GoogleCloudPlatform / DataflowJavaSDK

Google Cloud Dataflow provides a simple, powerful model for building both batch and streaming parallel data processing pipelines.
http://cloud.google.com/dataflow
855 stars 324 forks source link

Eclipse dataflow plugin errors when running the WordCount example pipeline #561

Closed rafaelsf80 closed 7 years ago

rafaelsf80 commented 7 years ago

Hi, I'm trying to run the wordcount example pipeline with the dataflow plugin (1.2.0) for eclipse Neon.2 (4.6.2), and got this error when trying to Run a new configuration:

An internal error occurred during: "Update Hierarchy". Tried to create a TypeHierarchyPipelineOptionsHierarchy for a Java Project my-artifact-rafa where no PipelineOptions type exists.
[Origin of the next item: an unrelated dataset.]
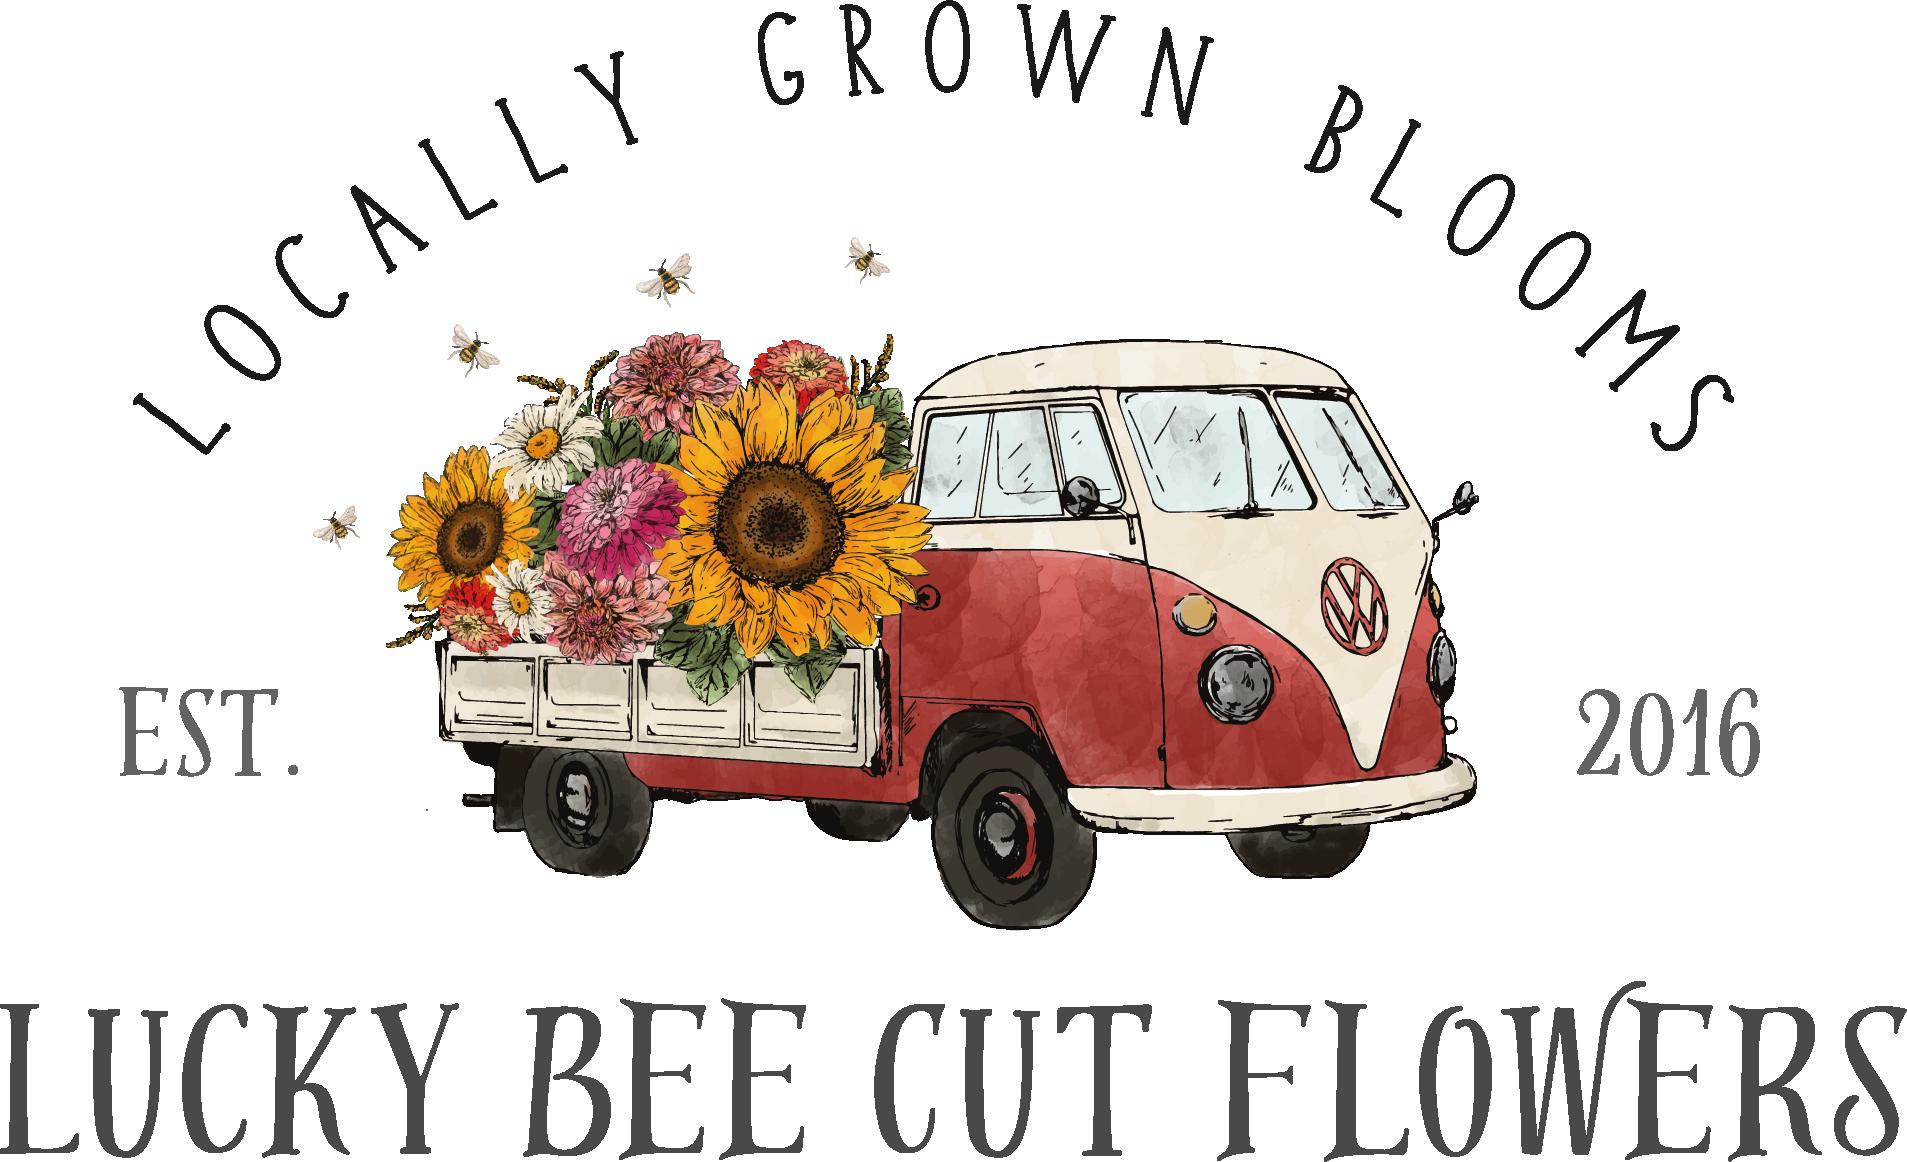 Calling Flower Lovers - Create a logo for a local Flower Farm

Updating the artifact google-cloud-dataflow-java-sdk-all from 1.9.0 to 2.0.0-beta1 or 2.0.0-beta2 on pom.xml shows this error instead when running the pipeline:

Exception in thread "main" java.lang.Error: Unresolved compilation problems: 
    PipelineOptionsFactory cannot be resolved
    Pipeline cannot be resolved to a type
    Pipeline cannot be resolved
    TextIO cannot be resolved
    ParDo cannot be resolved
    TextIO cannot be resolved

    at com.google.cloud.dataflow.examples.WordCount.main(WordCount.java:191)
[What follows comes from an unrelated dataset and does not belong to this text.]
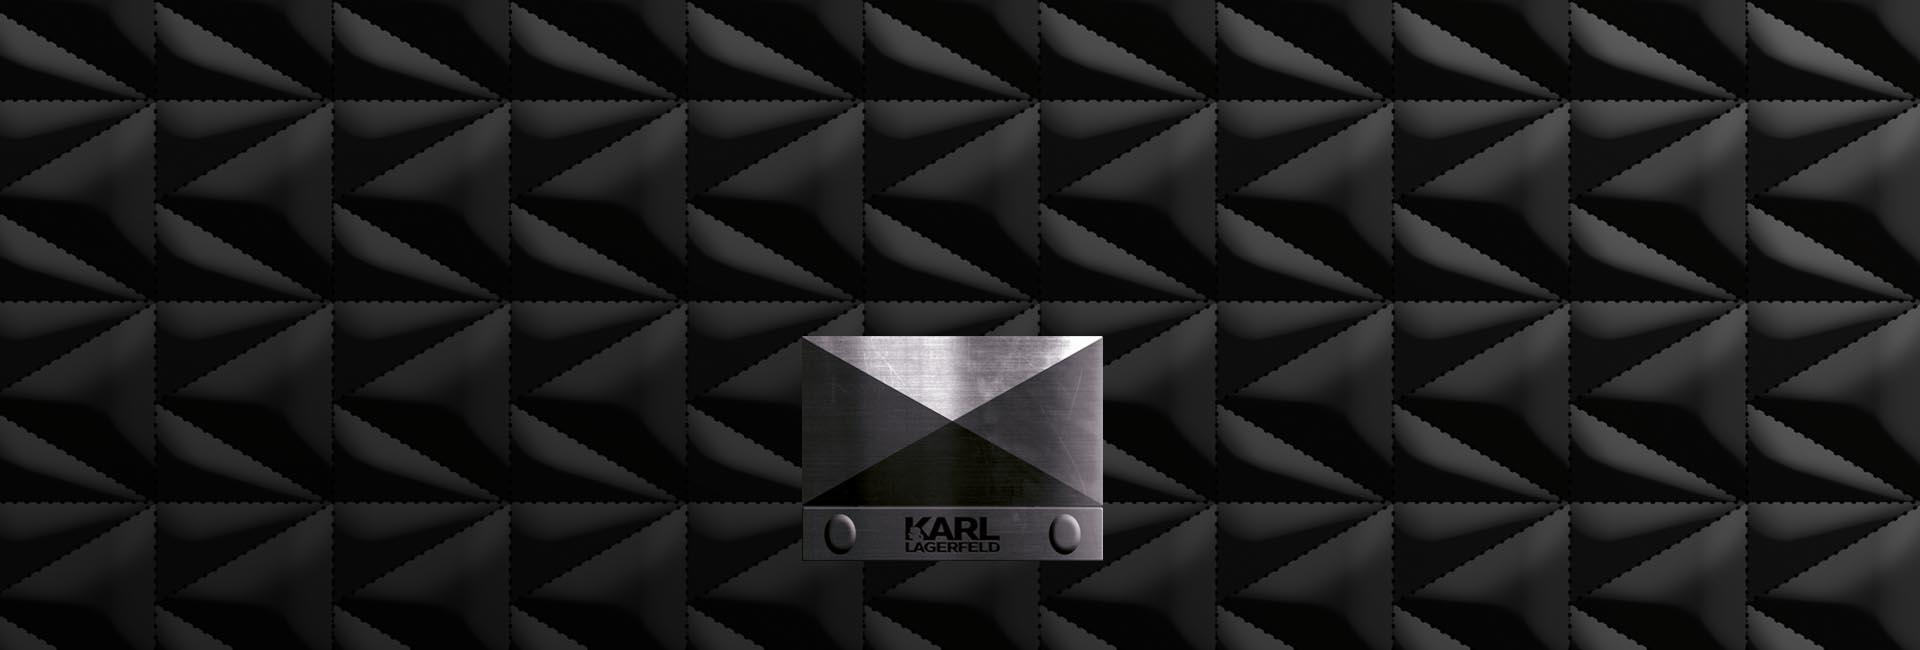 Karl Largerfeld

Any guidance would be appreciated.

Thanks, Rafa

davorbonaci commented 7 years ago

@tgroh, can you please take a look?

tgroh commented 7 years ago

Usually, this occurs due to the maven view of the dependencies being out of sync with the declared dependencies of the project. This means the PipelineOptions type is not present within the classpath of the Eclipse Project. The maven dependencies are likely to not have been properly resolved.

From the project context menu, select the Maven -> Update Project item, check the "Force Update of Snapshots/Releases" checkbox, and run the update. This should ensure the Dataflow Jar is on the classpath, which will enable the Dataflow Eclipse Plugin to resolve the base PipelineOptions class, and the remainder of the PipelineOptions class hierarchy.

Updating to a 2.0.0-beta-x version will not work, as the namespaces for all of the underlying PTransforms and Pipeline methods has changed from com.google.cloud.dataflow to org.apache.beam

rafaelsf80 commented 7 years ago

Hi, Thanks for the answer. The issue was the one you described: the maven view was out of sync. However the Force Update did not solve the issue itself. Since I only use maven for this particular project (for nothing else), I removed the $HOME/.m2 content and then after a mvn clean install, everything works properly now. Thanks for the suggestion, Rafa

davorbonaci commented 7 years ago

Thanks for confirming, @rafaelsf80!